Khavari and Sen found that DNMT1 helps by keeping stem cell differentiation in check. It works by duplicating in newly formed daughter stem cells the parent cell’s patterns of DNA modifications, called methyl groups. These methyl groups turn off genes that are important in differentiation and ensure that the daughter cells remain reliable, steady members of the stem cell society.

This isn’t the first time DNMT1 has been identified as an important regulatory molecule. In fact, it’s so critical to development that certain laboratory mice, engineered so they can’t express the gene, die before birth. This lack of an appropriate animal model has made it difficult to study DNMT1’s function in adult tissues. But Khavari and Sen suspected that it had a role in adult stem cells — in part because it’s been shown to be expressed at high levels in certain human cancers.

“It seems that in these cancers, DNMT1 may be signaling the stem cells to keep dividing and to avoid differentiation,” said Sen.

Khavari and Sen studied human skin cells in a laboratory dish to discover that the expression of the protein is curtailed when the cells begin to differentiate and migrate to the skin’s surface. When they blocked DNMT1 expression in human skin grafted on to laboratory mice, only about one-third of the grafts lasted three weeks or more.

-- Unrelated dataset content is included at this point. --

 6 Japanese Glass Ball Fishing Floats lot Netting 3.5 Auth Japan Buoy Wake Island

“It’s as if we’re seeing a kind of cellular amnesia in the stem cells without DNMT1 expression,” said Khavari. “Without the proper patterns of methylation, these cells can’t remember they’re supposed to be stem cells, and instead begin differentiating and migrating to the skin’s surface.” In contrast, all of the grafts with unaltered DNMT1 expression remained healthy — most likely because they had an ample pool of stem cells with which to maintain themselves.

Further study showed that the effects of DNMT1 and another protein important in methylation, UHRF1, may be countered in differentiating cells by a family of proteins called GADD45 that removes methyl groups from DNA. This yin and yang activity helps the cells navigate the tricky waters of differentiation and migration.

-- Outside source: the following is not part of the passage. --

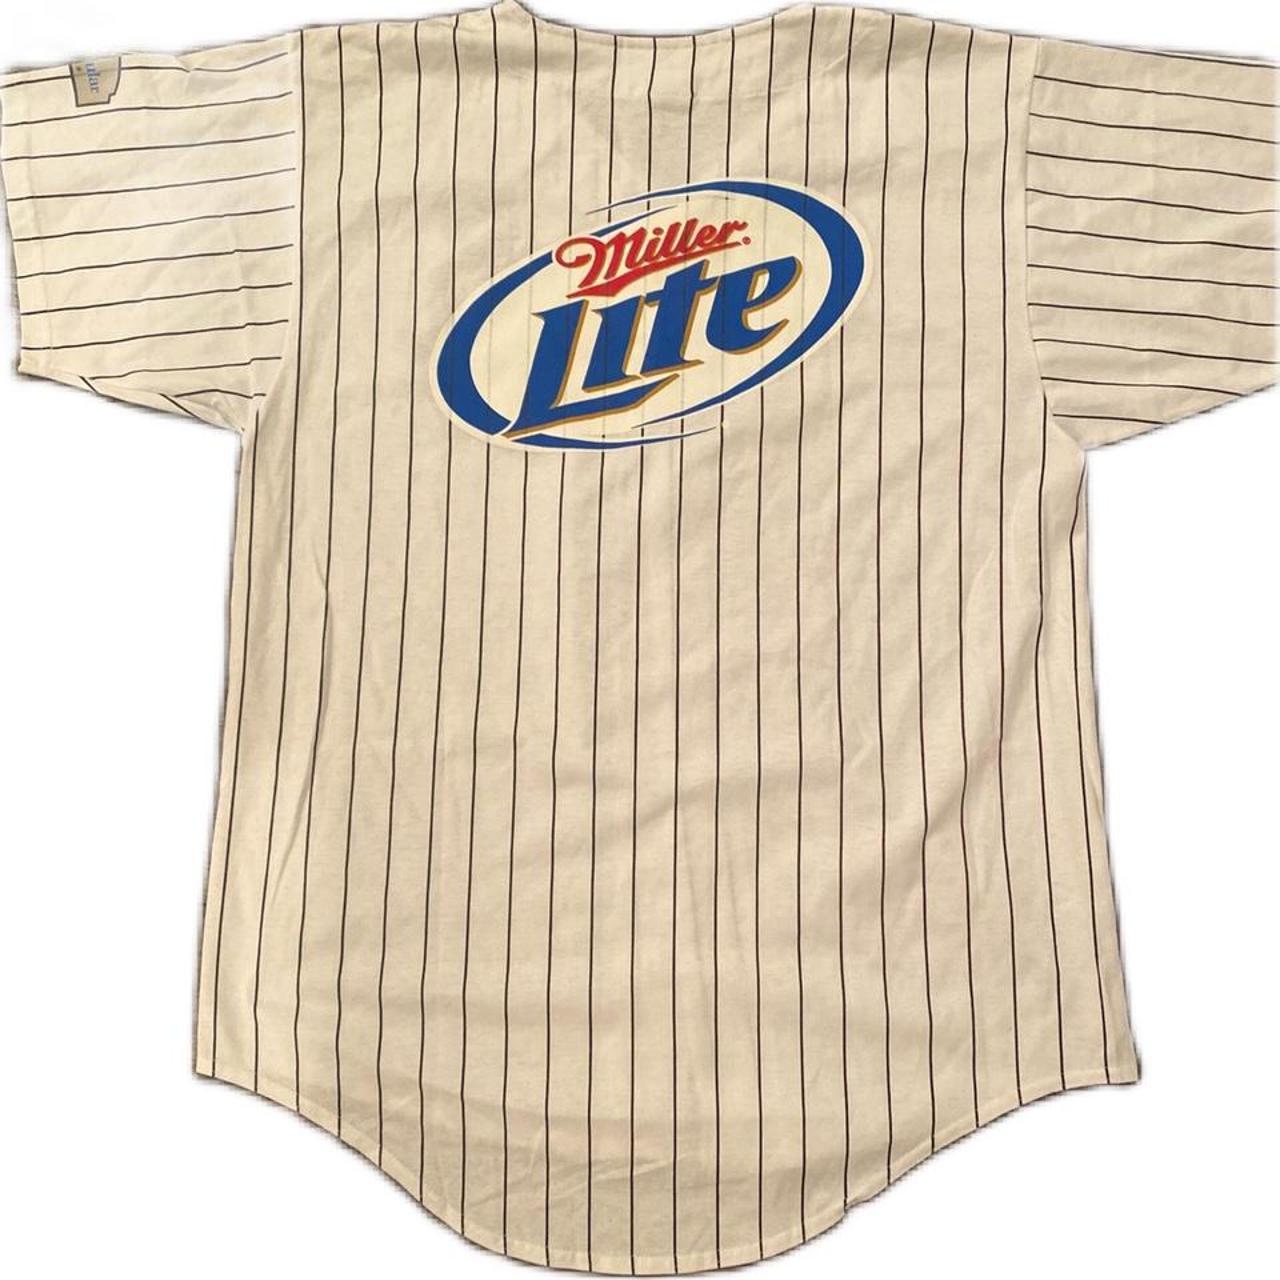 1990s cotton Miller lite promotional Sox jersey - Depop

“Our ability to control the cells’ differentiation state is going to be very important for our future attempts at regenerative medicine,” said Khavari, referring to scientists’ hope of being able to use stem cells to repair injuries or to create entirely new organs. “We have to be able to strike the right balance between methylation and demethylation. There are a lot of other actors to track down.”